Ramp and Prosciutto wrapped Monkfish with Spring Peas

Ramps and Prosciutto wrapped Monkfish

I didn’t have many cookbooks when I was younger, I learned all about cooking from my mother. She’s my mama bird in the kitchen, I just watch and follow her. Then, in my late teens, she gave me my first cookbook, a detailed introduction to the most important basic techniques covering everything from eggs to soups, meat, seafood, and vegetables. It felt like she wanted to be sure that I wouldn’t starve when I moved out. The book was published in the 80’s and beautifully photographed. Quite minimal. I think, in regards to food photography, this book influenced my style of capturing food in pictures more than any other publications.

It was my only cookbook for a long time, but I collected and wrote down recipes myself whenever I got the chance to sneak a kitchen classic from a friend or my family.
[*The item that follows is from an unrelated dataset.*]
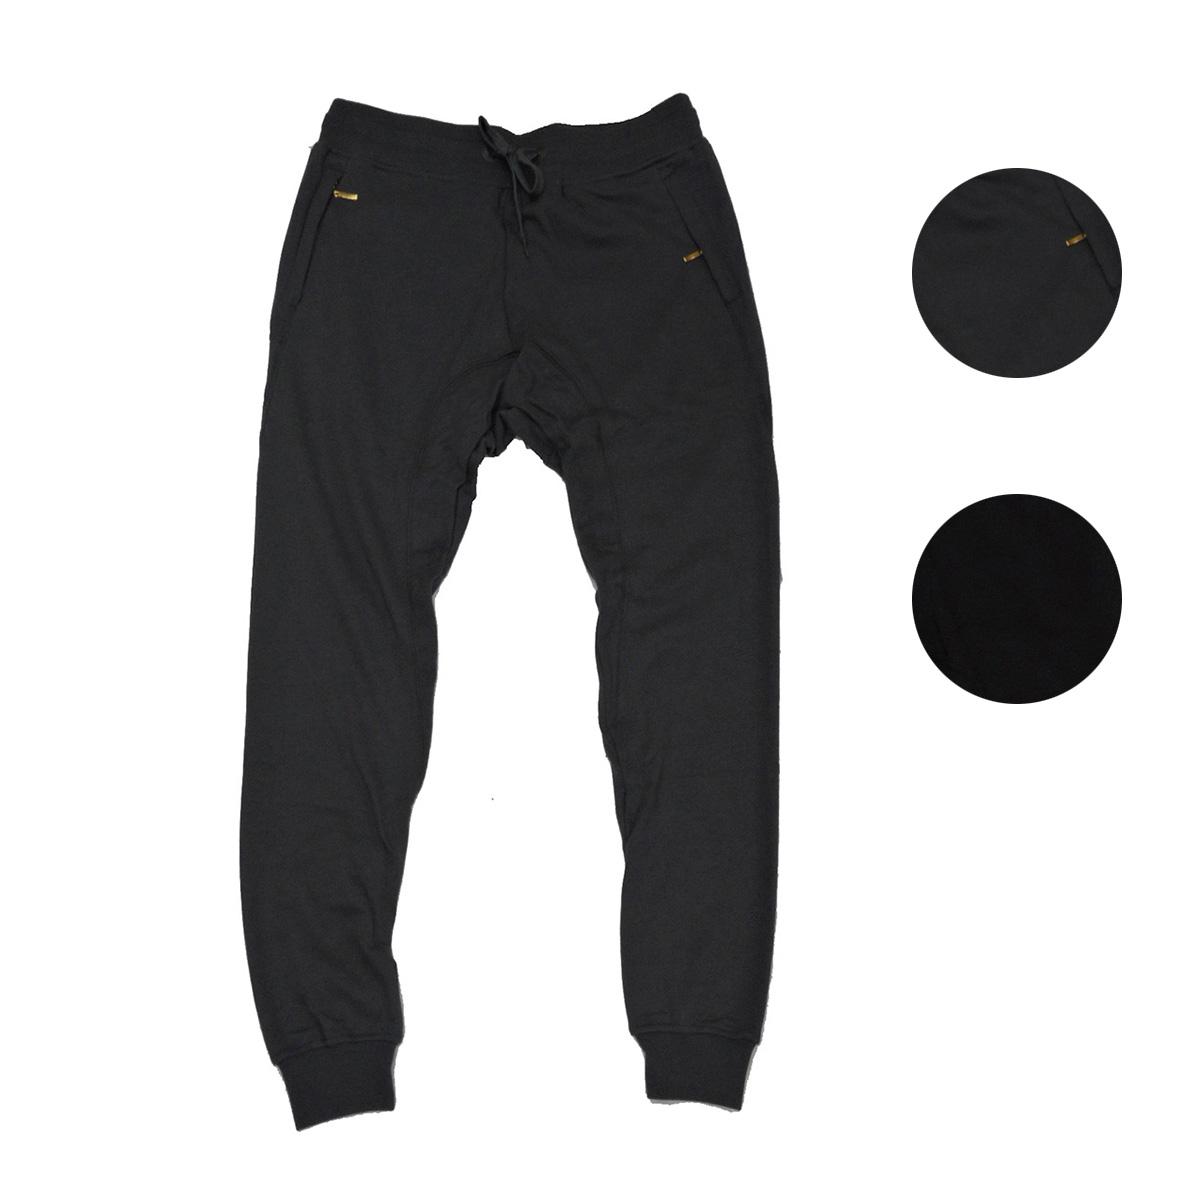 画像1: 【50%OFF】BACK HEAD バックヘッド SWEAT JOGGER PANTS 全2色 メンズ (1)

Even in restaurants, I was never shy to ask, if they’d share a recipe with me (the ones that really hit me). This strategy led to a bursting folder packed with notes, snippets, and sheets torn out of magazines. I still haven’t cooked and baked all of the treasures collected in more than 30 years. It’s a steadily growing project.

As I got into collecting cookbooks, Jamie Oliver’s books were one of the first added to the shelves. First as a present from friends, but later on I bought a few myself. I liked his style of playing with food. I was in my early twenties, I had seen and tasted many German, French, and Italian traditional classics cooked to perfection, by my mother and in friend’s kitchens, or at restaurants. But I felt like a younger voice. And Jamie’s voice felt just right at that time. In the end, I might have only cooked about 15 of his creations in all those years, but he inspired me a lot. And at least 5 of his recipes became staples that I still embrace today.

There’s one recipe that I’ve been wanting to try for more than 15 years. And again, I didn’t use it to follow, but to play with: Jamie wraps monkfish filets in prosciutto spread with pesto. It’s so simple, it looks stunning. As spring is in the air, or at least the smell of ramps as you enter the woods, I decided to wrap my firm white fish fillet in ramp leaves and prosciutto di Parma. Thanks to Jamie, the cooking time and temperature were perfect. The fillet was tender yet firm. And the wrapping was spot on: green, fresh, and slightly salty.

If you’re still looking for an Easter menu, what about skipping the traditional lamb roast and go for seafood? This dish is so easy, serve it with a bowl of lemony ramp peas and baguette (for the lazy ones like me) or Mediterranean mashed potatoes (either from my book, or try this recipe). And what about an eggnog sponge cake for dessert?

Have a wonderful Easter time with your loved ones!

xx

Ramps and Prosciutto wrapped Monkfish

 

Ramps and Prosciutto wrapped Monkfish

Ramp and Prosciutto wrapped Monkfish

Serves 2

olive oil
monkfish fillet, a thick center piece, 250-300g / 9-11 ounces
fine sea salt
ground pepper
prosciutto di Parma (or San Daniele or Serrano) 10 very thin slices
fresh ramps leaves, a small bunch
peas, fresh in shells (about 400g / 15 ounces) and peeled, or frozen (170g / 6 ounces)
freshly squeezed lemon juice, 1-2 teaspoons

Preheat the oven to 200°C / 400°F (conventional setting) and brush the bottom of a baking dish with olive oil.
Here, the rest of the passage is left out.